Wednesday, June 1, 2022

Wade Bell : And So Monty’s Magazine

from Report from the Reid Society, Vol. 1, No. 1






Monty and I met at the inaugural meeting of the Writers’ Guild of Alberta in, I believe, 1976. Convened by Aritha van Herk and Rudy Wiebe, it was held in an office in Edmonton’s warehouse district. You could feel the excitement in the big room, sniff the nerves. Arrivistes like me who’d barely had time to conceive of ourselves as writers were going to have an organization!

My only publication, The North Saskatchewan River Book (stories set in Edmonton and Jasper), was newly out. The major downtown bookstore refused to carry it. Claimed it insulted the city. It did. But still.

I didn’t think anyone had read it but Monty had. A model of calm and collectedness, he complimented me on it. Hearing my name, Bob Kroetsch bustled over and showed excitement for it too. So four people knew I existed as a writer: Aritha, Rudy, Monty and Bob. Heady stuff.

After the meeting some of us went on to Reg Sylvester’s house, I believe it was, to drink beer and chat. In the living room people had clustered around Aritha, in the kitchen around Rudy. Bob, Monty, and I, like fish in a stream, headed for the back yard.

 “The Yard” (Monty Reid, 1976) (abridged – sorry, Monty)

          The yard arranged for convenience
Yellow caragana
purple, white lilacs

Birds glide in
from another yard

We pulled some lawn furniture together, sat and began talking. People poked their heads out the door but we must have looked wholly absorbed because no one joined us.

Energy flowed from Bob. I saw it enter Monty. I can’t remember what was said before one of us, or maybe all three at once the way it can happen sometimes, brought up the idea of a literary magazine. Neither Monty nor Bob thought there was one in Alberta. At least not one that might have cloaked itself in the avant-garde mantle.

What to call it?
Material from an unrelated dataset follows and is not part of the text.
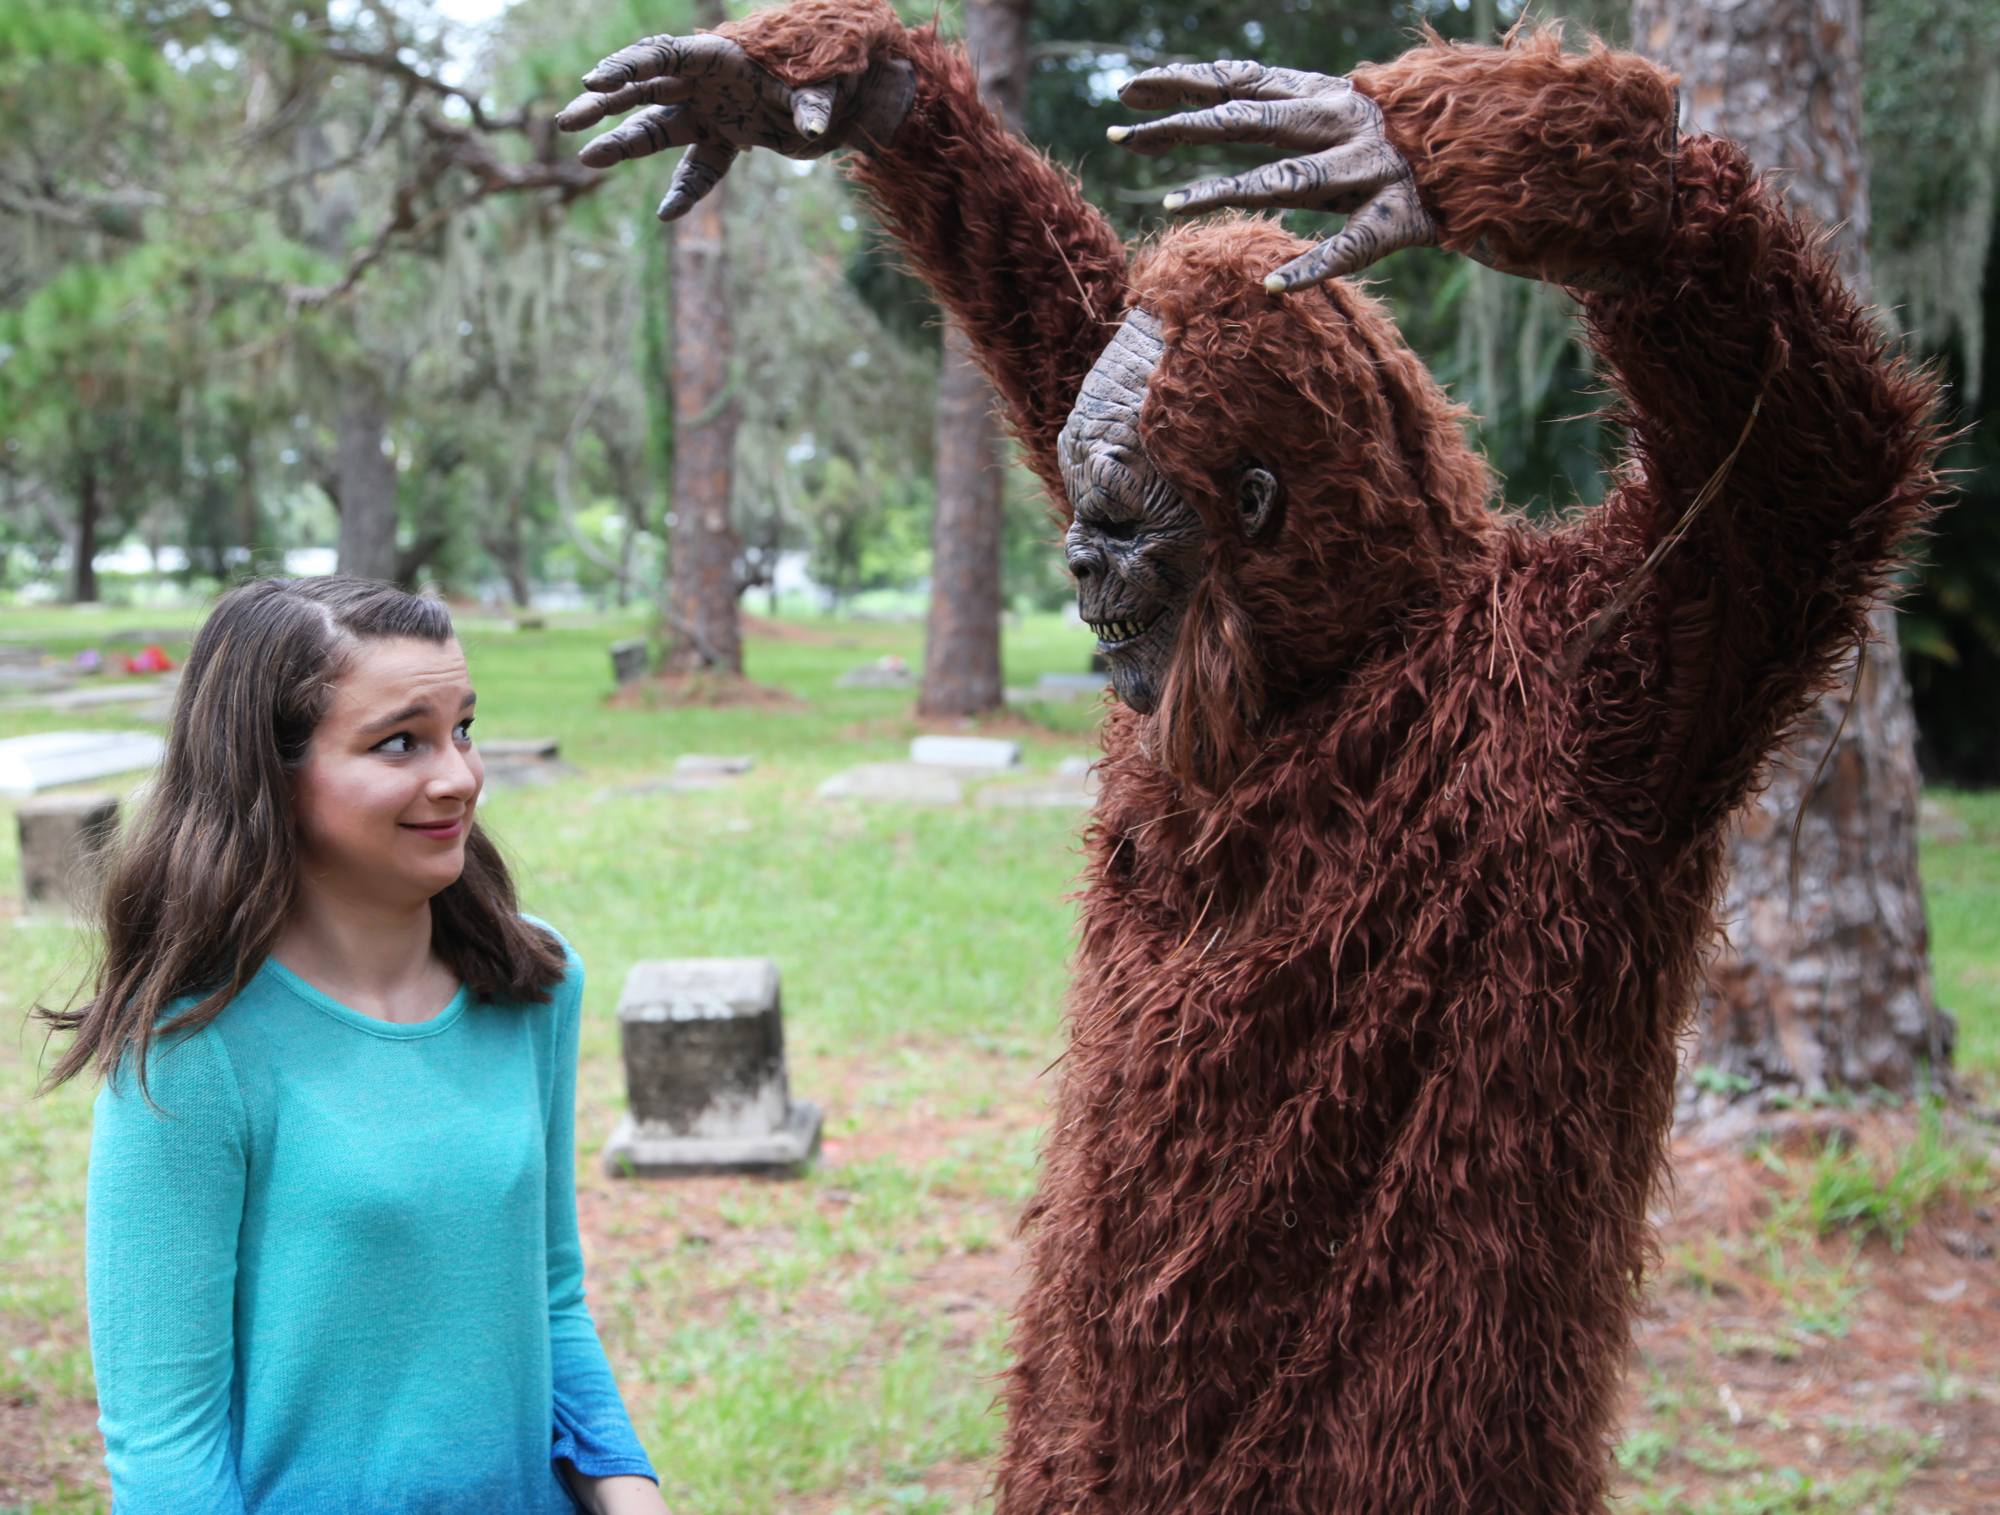 Actors Olivia Yagy and Brandon Follis rehearse for a scene in a cemetery. Photo by Austin McKinley

Suggestions were offered but none accepted so we put that search aside to tackle one that was even more essential. Who would run it? Who be managing editor? I thought Kroetsch would be too busy. I guessed that Monty thought so too. I dreaded the responsibility that could land on my shoulders. I wasn’t known to be particularly reliable. Besides, my job in the oilfields left me enervated.
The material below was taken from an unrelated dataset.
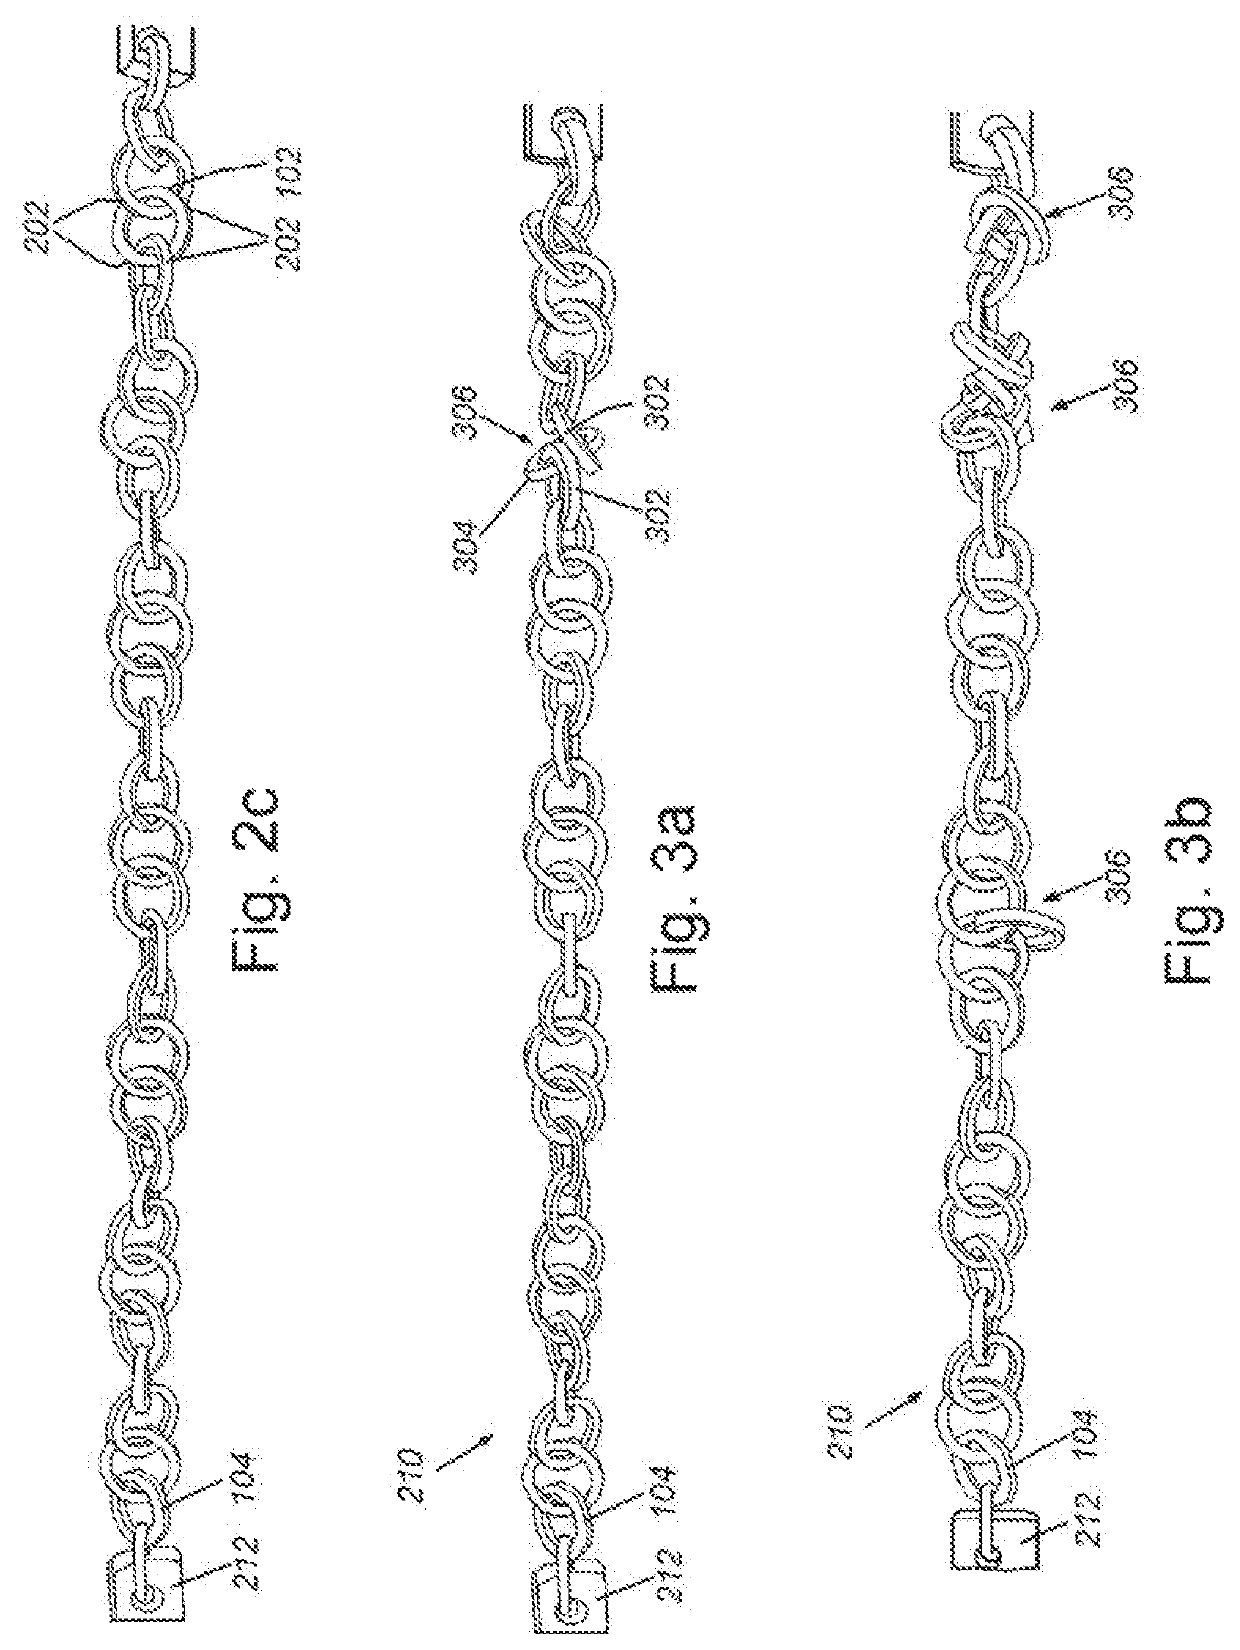 System and method for conversion of rotational motion into linear actuation by mechanical stacking or unstacking of connected links

So when Monty volunteered I was grateful. Bob smiled. You could see the teacher in him.

It wasn’t that Monty wasn’t busy. He had his poetry plus teaching or another fulltime job, for all I knew. But he had the enthusiasm to get a magazine off the ground and, as it turned out, the stamina to carry it beyond the initial impetus.

And in volunteering he provided us with the name. He lived in the town of Camrose so it would be The Camrose Review.

No one ever looked prouder.

That it was a success, publishing in its first three issues, Patrick Lane, Ron Smith, Michael Ondaatje, Barry Nichol, Sharon Thesen, Robert Hilles, Douglas Barbour, Erin Mouré, Myrna Kostash, Bruce Hunter, James Cooper, Mary Howes, Phil Hall, Sharon Riis, Stan Dragland, Blodgett, Harris, Sorestad, Banting, Barclay, Wallace, Rodriguez, was largely Monty’s doing.

Fine poet; enthusiastic, discriminating editor.

And when The Camrose Review arrived with the subtitle, “A Journal of Lutheran Thought,” well, that descriptor did not go unnoticed. But it did go unchallenged. It was just Monty. Pure Monty. I can see his wry smile.   








Wade Bell: Born in 1941 in Stettler, Alberta, and at the age of one week was moved by my mother to an Edmonton tenement where we lived in wartime food rationed poverty. Joining the RCAF my father had left her pregnant. I went to Carleton University, wrote my first book in Ottawa and stayed in the city to work for the CRTC.

Following a devastating marriage breakup, I quit the safe government job and went travelling.

Back in Ottawa in need of money I drove taxi, the lone Anglo in a French crew stationed at the bus depot. I saved some money and I left to travel again.

Through a series of fortuitous connection made in Ireland I was invited to spend three months in Spain. I went and stayed five years.

Many of the stories in my three subsequent books are set in Barcelona or the Catalan countryside.

With a Spanish bride and needing money I came back to Alberta to work in the oilfields, mostly in the wilds of the boreal forest. 

I am now 81 and living in Calgary. In addition to my four books, I have published over 50 stories and poems in literary magazines, anthologies and text books in Canada, the US, Japan, Denmark and Italy.